2. You are required to use all the mechanisms discussed in the class and recitation
3. You are only allowed to use standard libraries and intrinsic library to implement your program
4. You are not allowed to create new threads in your implementation.
5. When using gcc to compile your code, you are allowed to use optimization level3(-O3).
Mechanisms:
1. Caching: You are required to try different cache block size in your code and use the block size
that gives you minimum runtime when integrated with other techniques (SIMD and superscalar
mechanism)
2. SIMD: You are required to make use of Single Instruction Multiple Data (SIMD). It means
performing a single operation on multiple data points simultaneously.

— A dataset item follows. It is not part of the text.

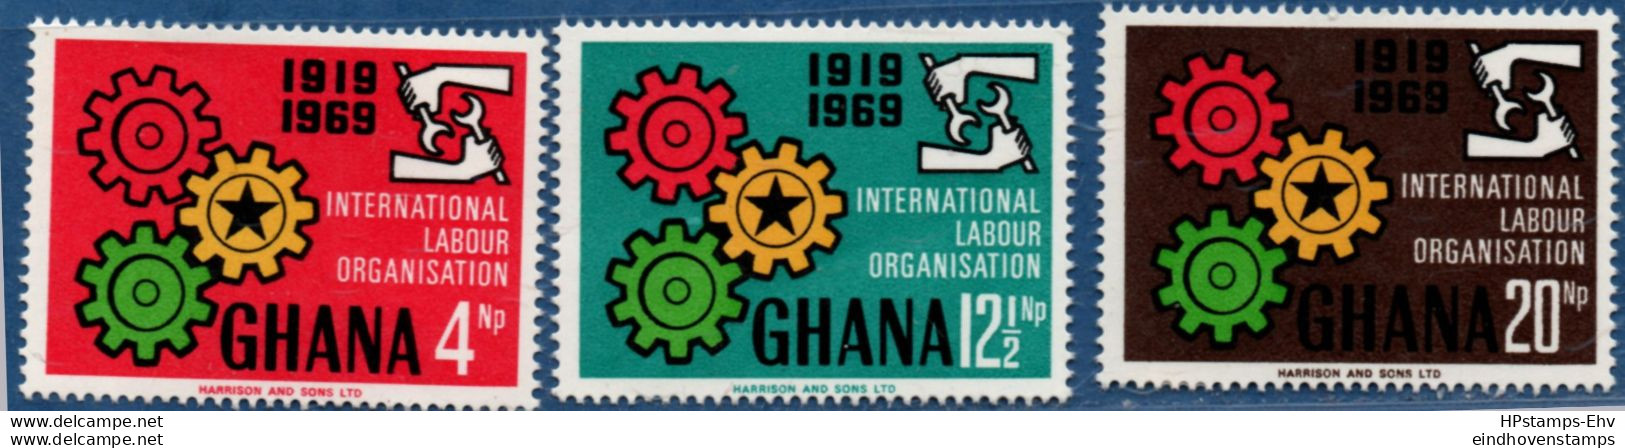 Ghana 1969, ILO Labor Organisation 3 Stamps MNH 2105.2426 OIT - IAO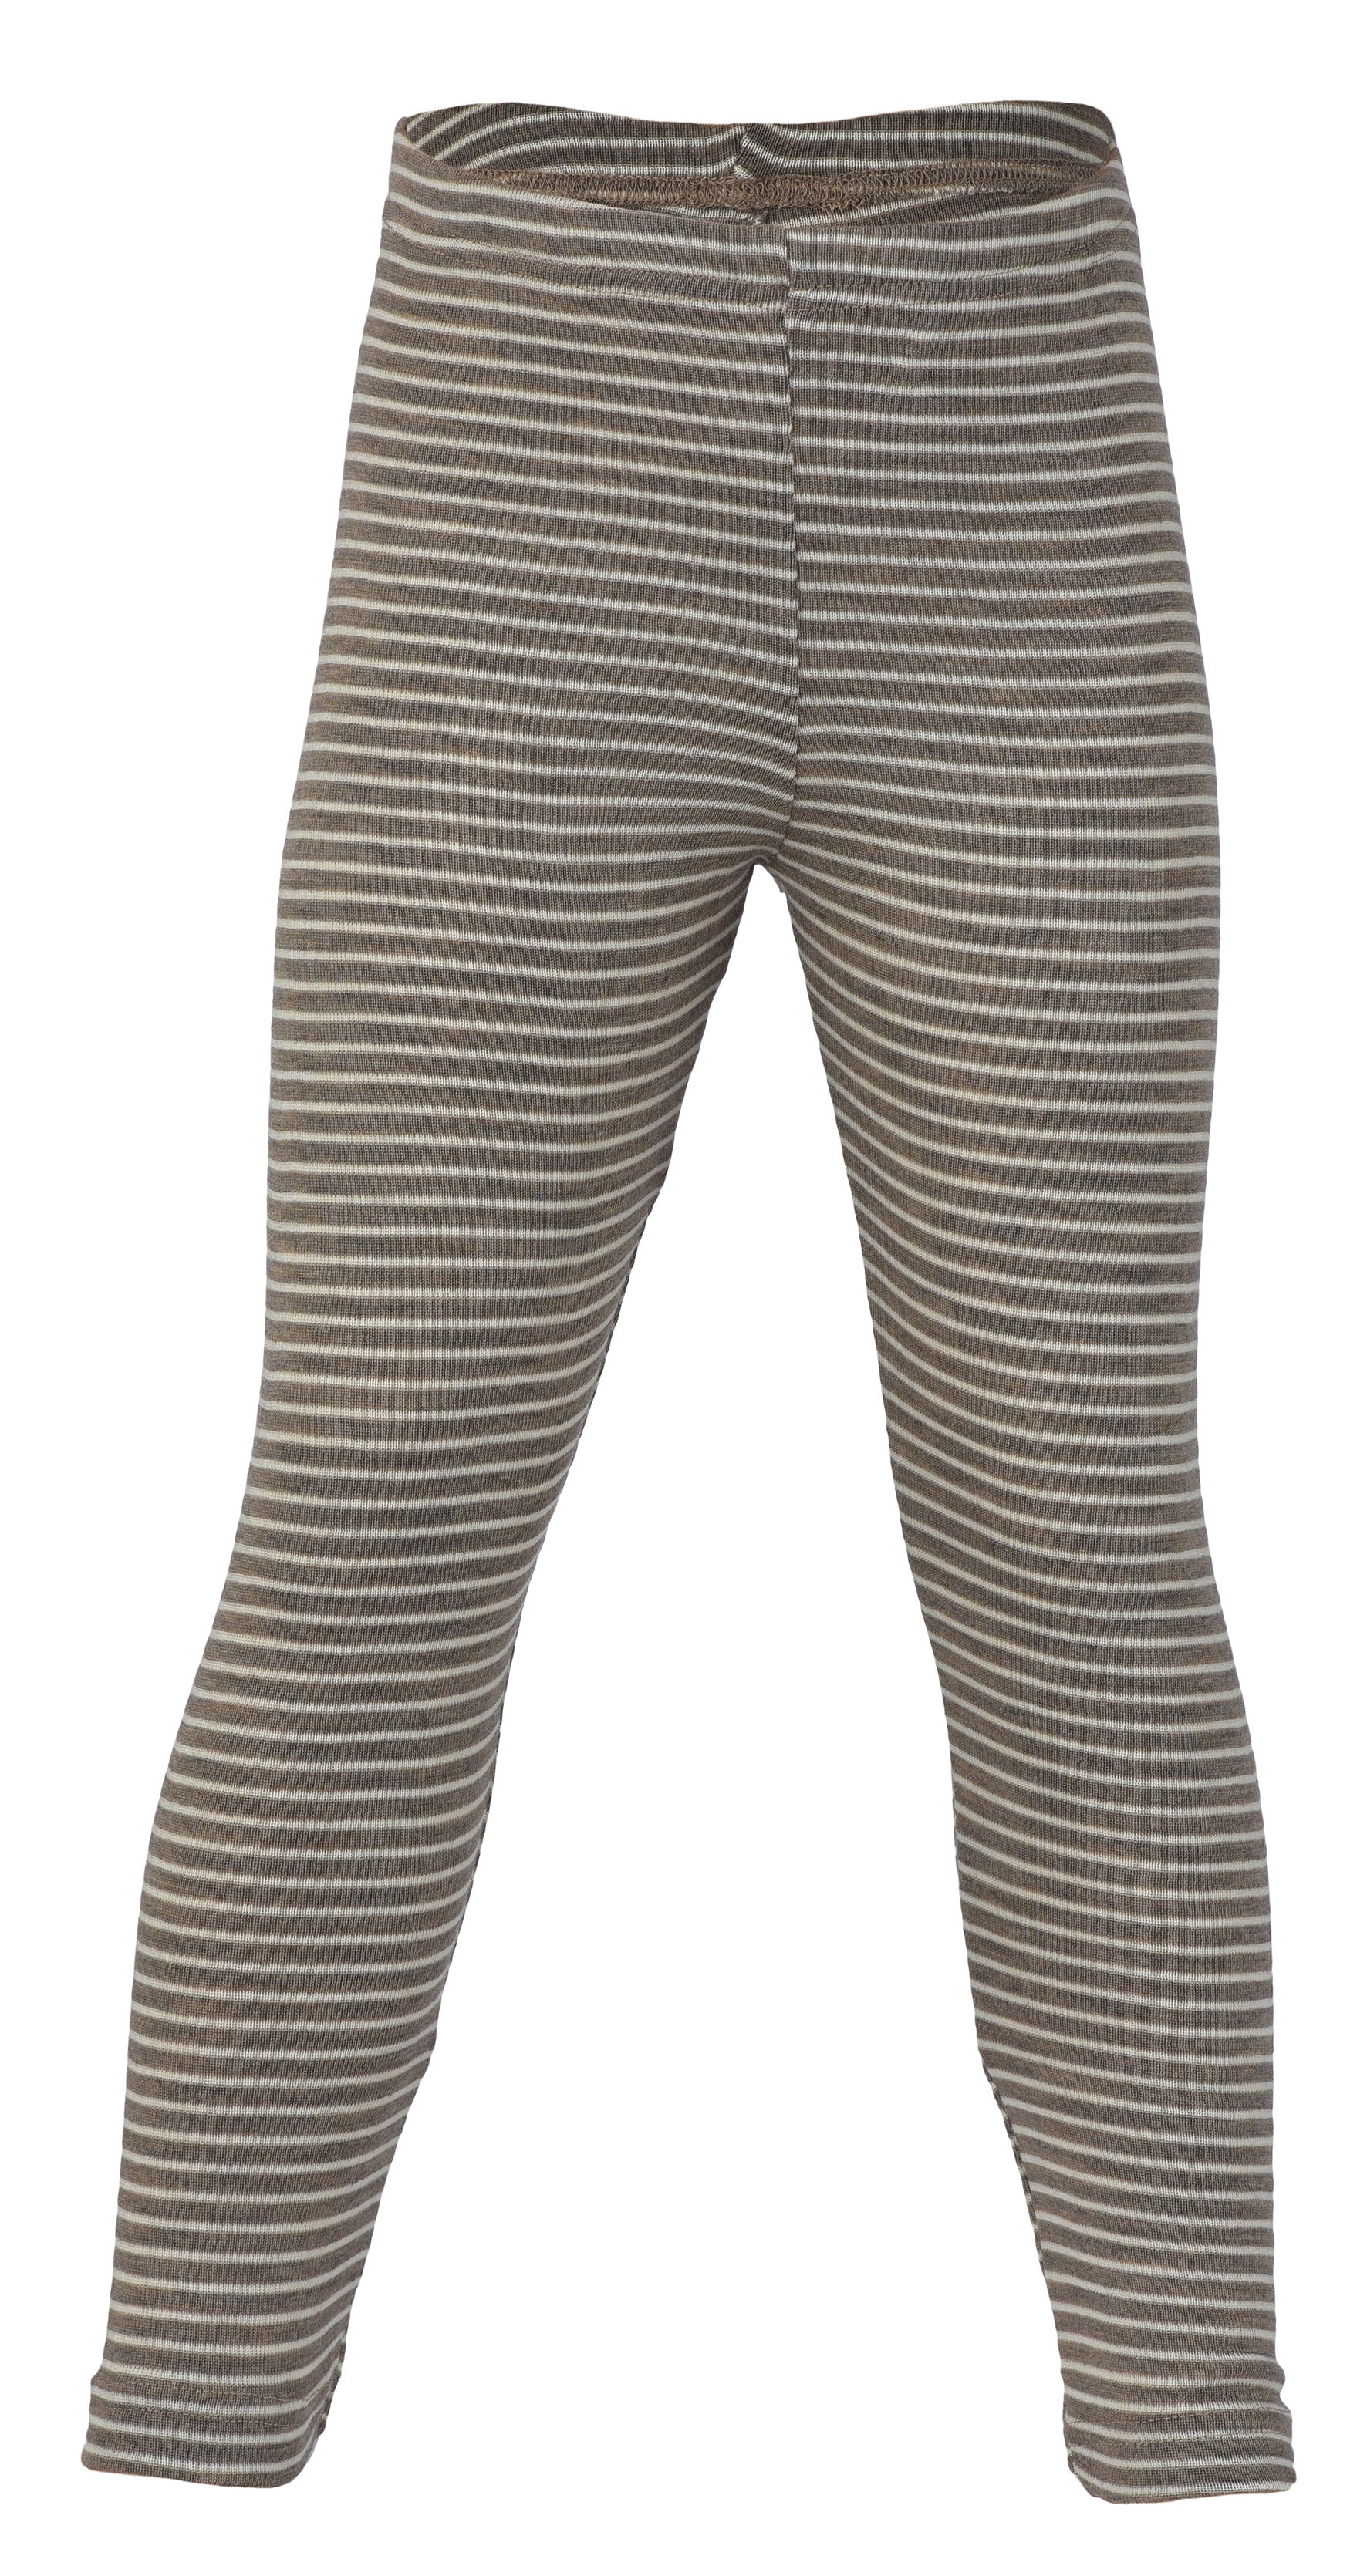 ENGEL Men's Thermal Underwear Long Johns Leggings, Organic Merino Wool Silk

3. Superscalar mechanisms: A superscalar processor executes more than one instruction during a
clock cycle by simultaneously dispatching multiple instructions to different components on the
processor.
Experiments:
Per attempted optimization, you can have different size of matrix (for example, n = 128, 256,
512, 1024, 2048), different block sizes (m = 2^x), different number of unrolled instructions, etc.
You need to measure the runtime of each experiment.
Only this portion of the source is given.